• _SUPPLIED INFORMATION_
+ + + + + + +

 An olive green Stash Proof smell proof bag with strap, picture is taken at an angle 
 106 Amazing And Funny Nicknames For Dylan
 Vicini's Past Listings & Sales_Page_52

+ + + + + + +

Repeat every line of the listing without a single difference.

 An olive green Stash Proof smell proof bag with strap, picture is taken at an angle 
 106 Amazing And Funny Nicknames For Dylan
 Vicini's Past Listings & Sales_Page_52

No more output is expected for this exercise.